Foto por Tzenik no Unsplash

Resumo rápido

ProblemaO concurseiro escolhe um lado: ou estuda só filosofia, ou só decora o decreto. A banca FGV identifica essa escolha e cobra justamente o lado negligenciado.
Causa raizFalta de clareza sobre a natureza distinta da ética pura, universal e atemporal, e da ética do servidor, positivada e contextual. Cada uma exige método de estudo próprio.
SoluçãoEstudar as duas dimensões de forma integrada, articulando Kant, Aristóteles e Sócrates com os incisos do Decreto 1.171. A consciência prudencial conecta filosofia e norma.
ResultadoO candidato passa a resolver questões que cobram aplicação filosófica de princípios administrativos e questões que exigem literalidade normativa, sem cair em armadilhas.

Ética pura e ética do servidor não são a mesma coisa, e quem confunde os dois conceitos perde questões valiosas na prova. A ética pura nasce na filosofia clássica, dialoga com Aristóteles, Kant e Sócrates, e investiga o que torna uma ação boa em qualquer tempo e lugar. Já a ética do servidor é positivada, contextual e brasileira, encarnada principalmente no Decreto 1.171 de 1994 e nas leis do regime jurídico.

Quem estuda concurso público costuma escolher um lado, e essa escolha é o erro estratégico mais comum no estudo de ética. Há candidato que se apaixona pela filosofia e desconhece a redação literal dos incisos do código de ética. Há também quem decora o decreto, mas não consegue articular por que a impessoalidade administrativa tem fundamento kantiano. A banca FGV explora exatamente essa lacuna.
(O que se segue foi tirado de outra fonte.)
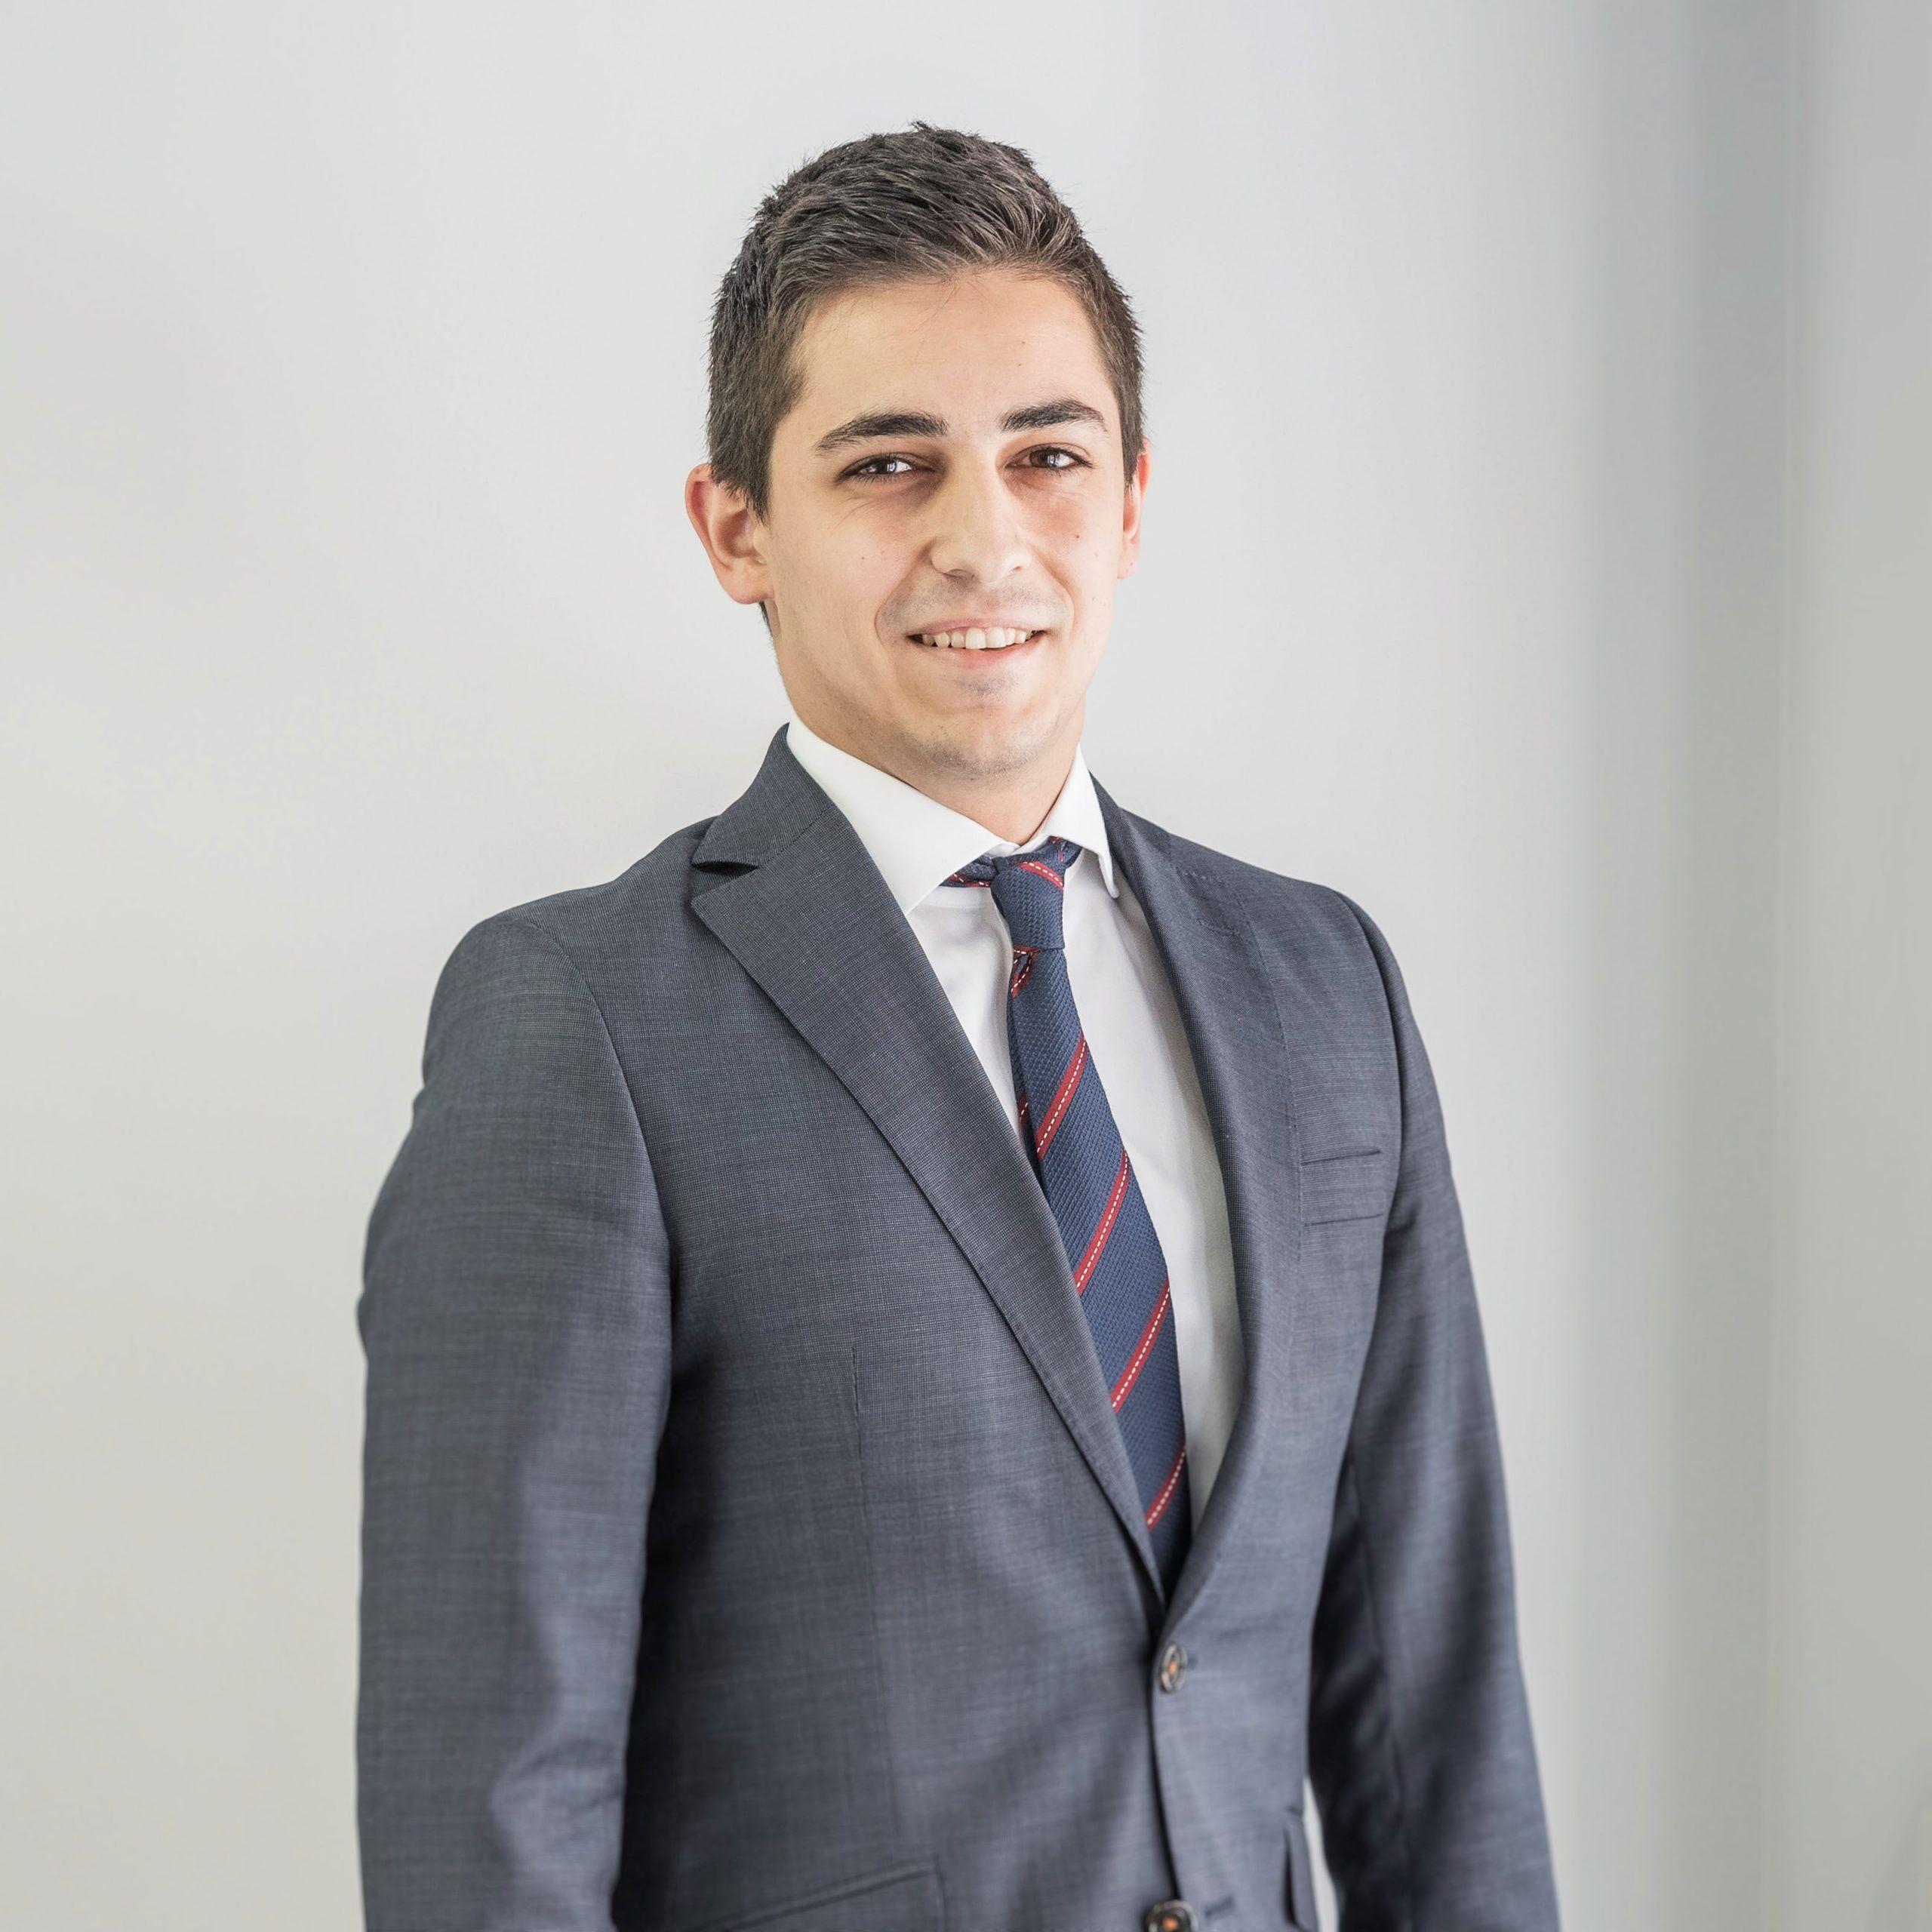 Ricardo Rives Quirante

A diferença entre ética pura e ética do servidor está na natureza de cada uma. A ética pura interroga, problematiza, propõe questionamentos universais sobre o agir humano. A ética do servidor obriga, vincula, impõe condutas específicas ao agente público brasileiro. Uma pergunta, a outra manda. Confundir o regime de operação das duas é abrir flanco para a banca.

O servidor público decide com base em três fontes que se sobrepõem na prática: a lei do regime jurídico, o Decreto 1.171 e a consciência prudencial do agente. Quando essas três fontes coincidem, a decisão é fácil. Quando colidem, surge o dilema ético administrativo, que é justamente o terreno em que a banca constrói suas questões mais difíceis.

Neste post, vamos destrinchar a relação entre ética pura e ética do servidor, mostrar como cada fonte normativa opera, explicar o que é o dilema ético administrativo e oferecer um caminho prático para integrar filosofia e decoreba do decreto no seu estudo. O objetivo é simples: blindar você contra as duas armadilhas clássicas das bancas.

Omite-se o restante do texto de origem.